* _Data below_
--*--
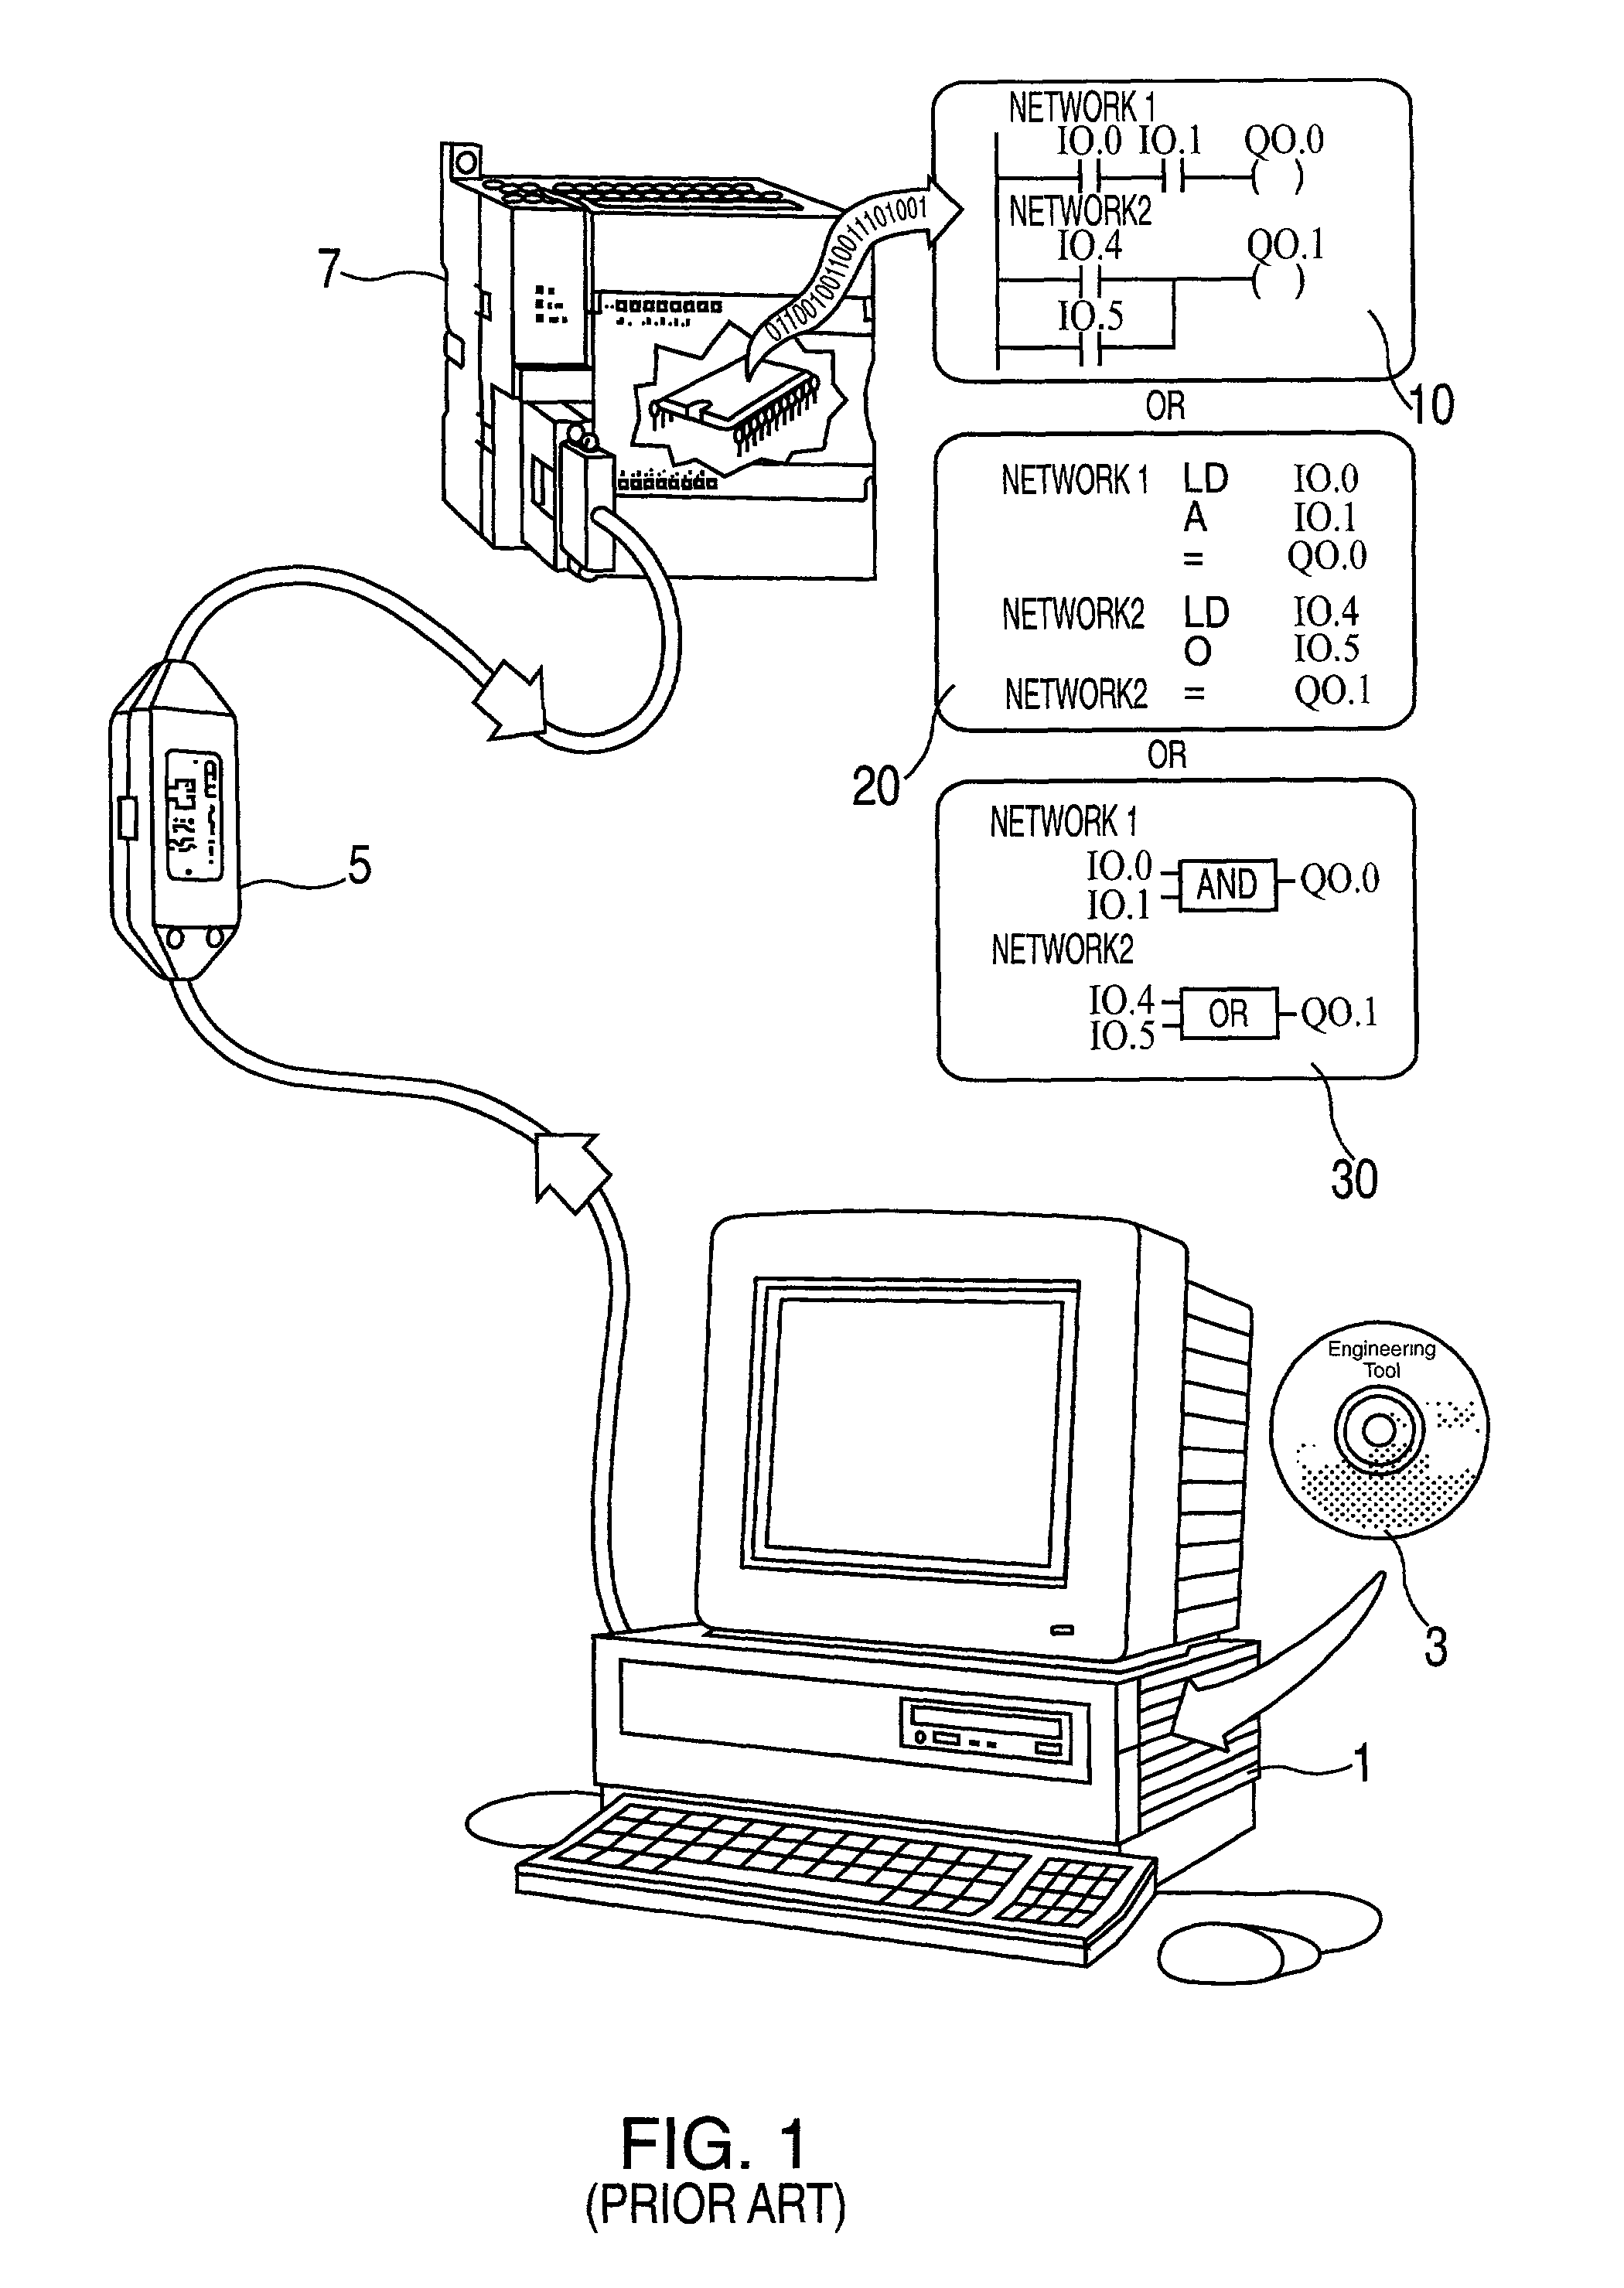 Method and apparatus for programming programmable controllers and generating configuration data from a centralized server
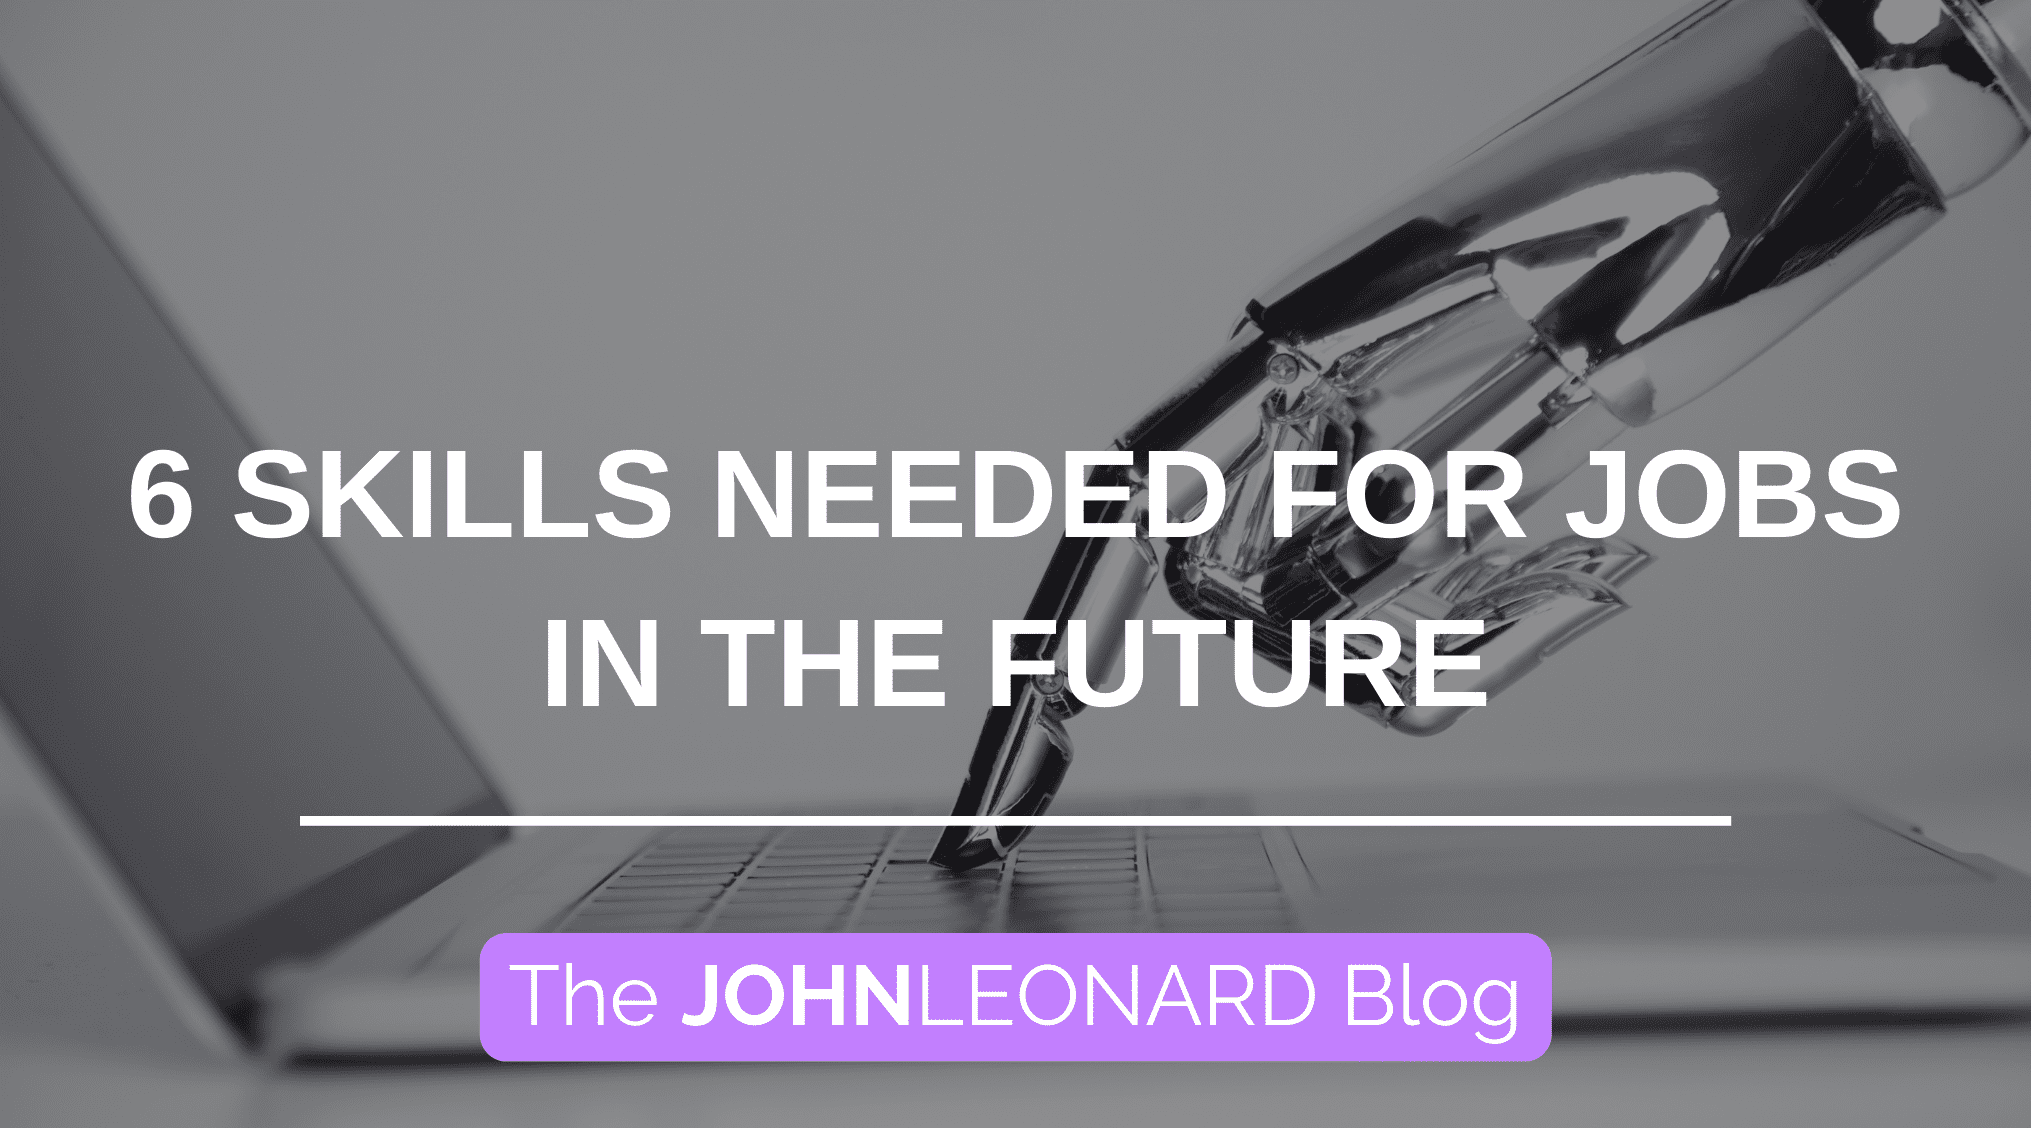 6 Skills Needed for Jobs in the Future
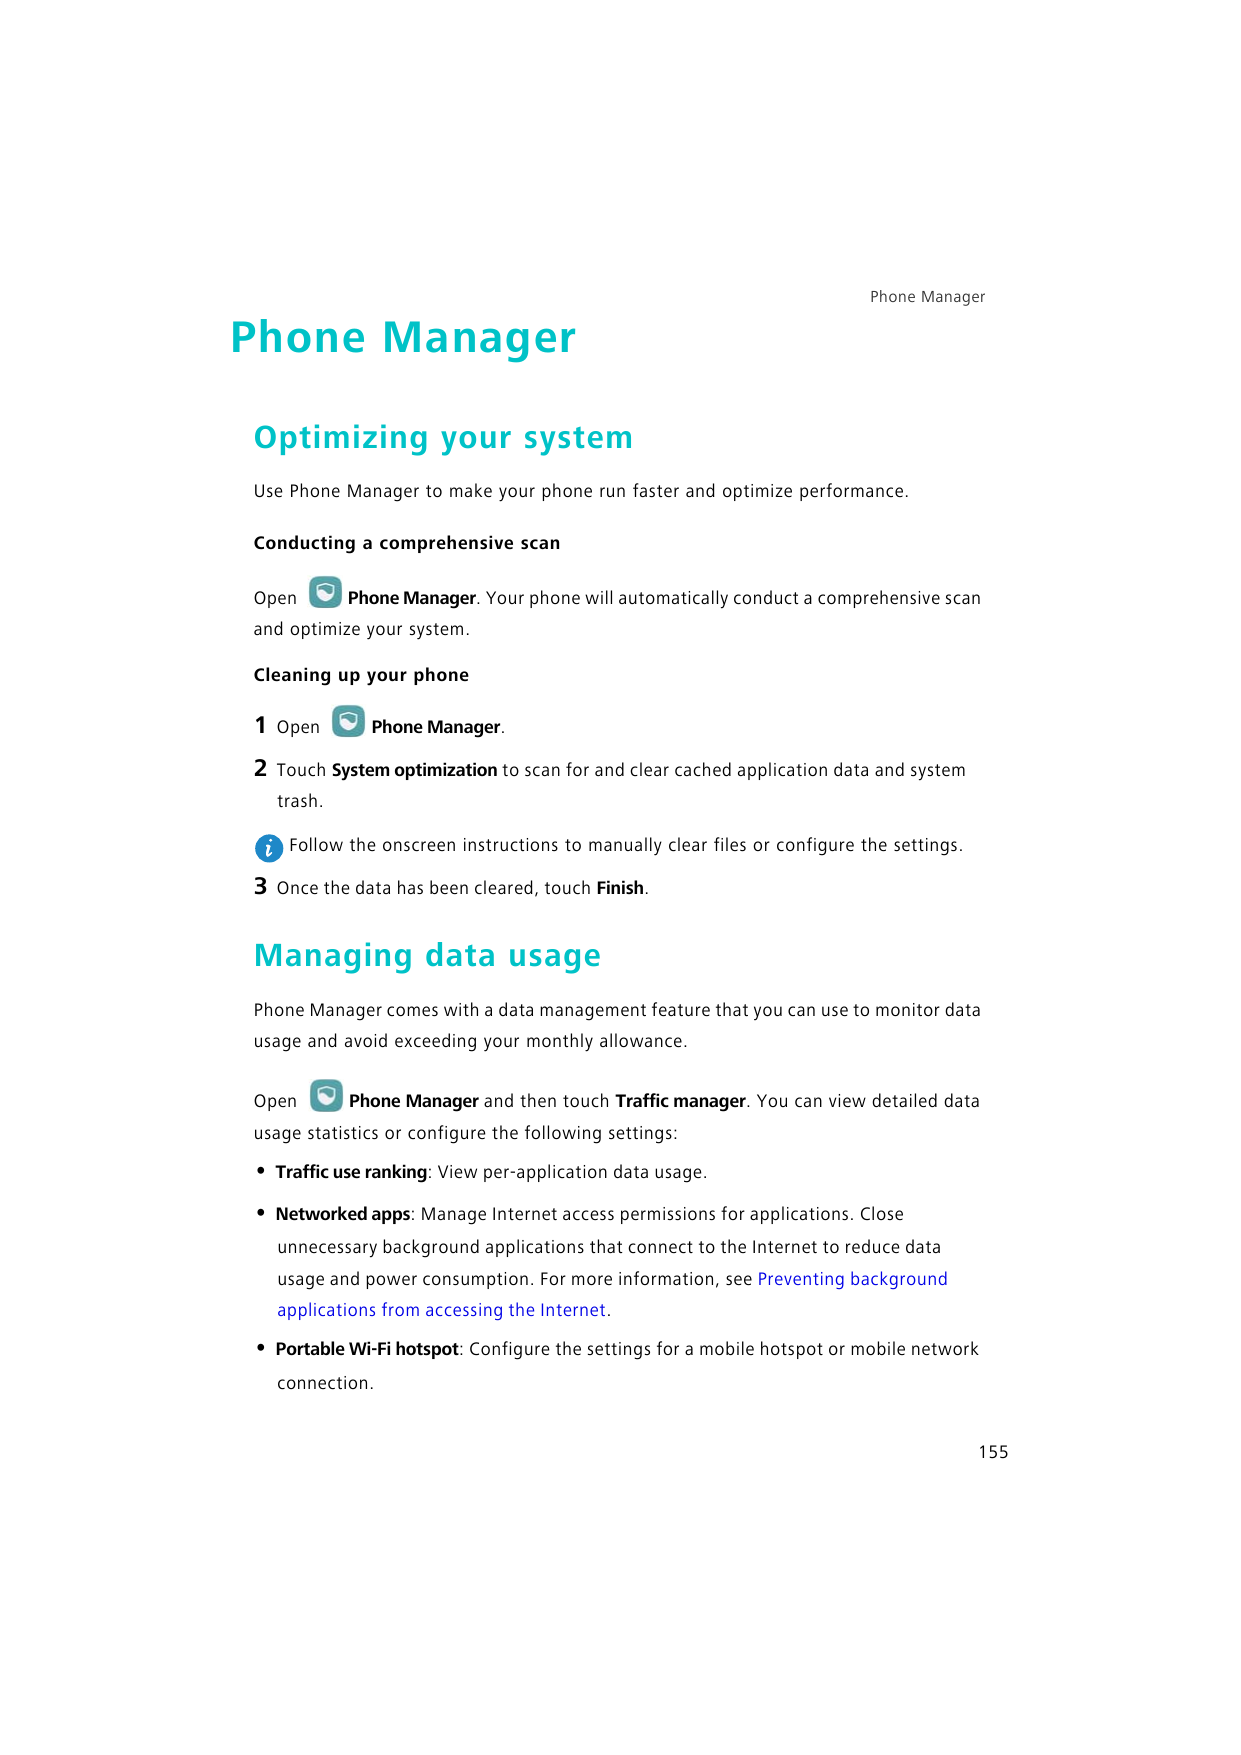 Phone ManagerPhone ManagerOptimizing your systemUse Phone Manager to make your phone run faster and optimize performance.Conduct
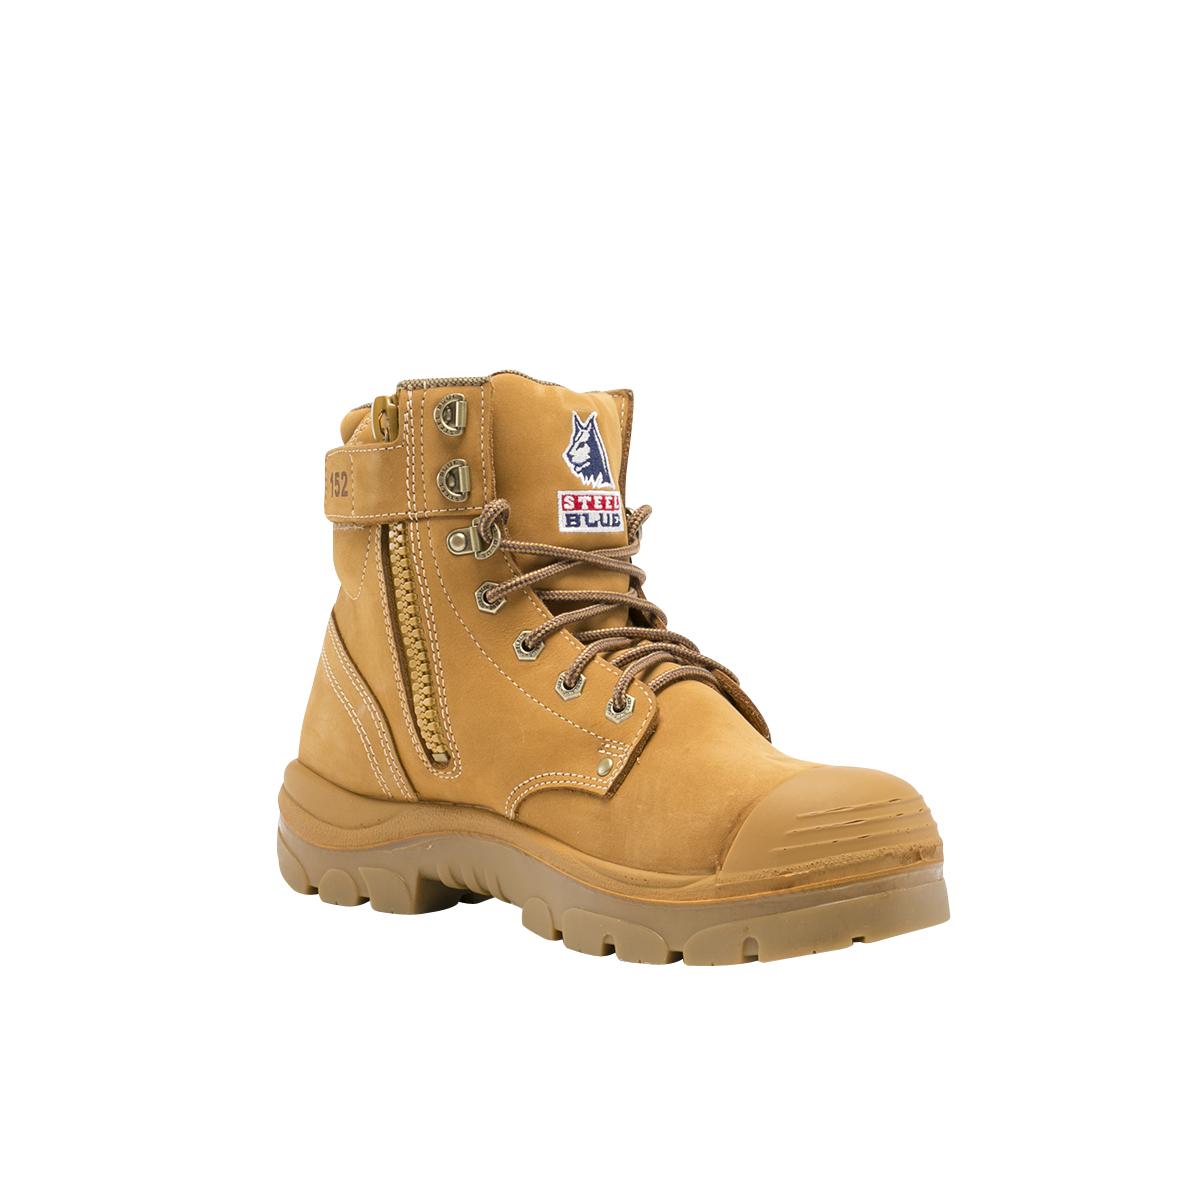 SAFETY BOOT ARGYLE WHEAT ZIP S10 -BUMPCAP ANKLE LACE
--*--
Put each line of the listing above into the copy exactly, dropping the pictures.

 Method and apparatus for programming programmable controllers and generating configuration data from a centralized server
 6 Skills Needed for Jobs in the Future
 Phone ManagerPhone ManagerOptimizing your systemUse Phone Manager to make your phone run faster and optimize performance.Conduct
 SAFETY BOOT ARGYLE WHEAT ZIP S10 -BUMPCAP ANKLE LACE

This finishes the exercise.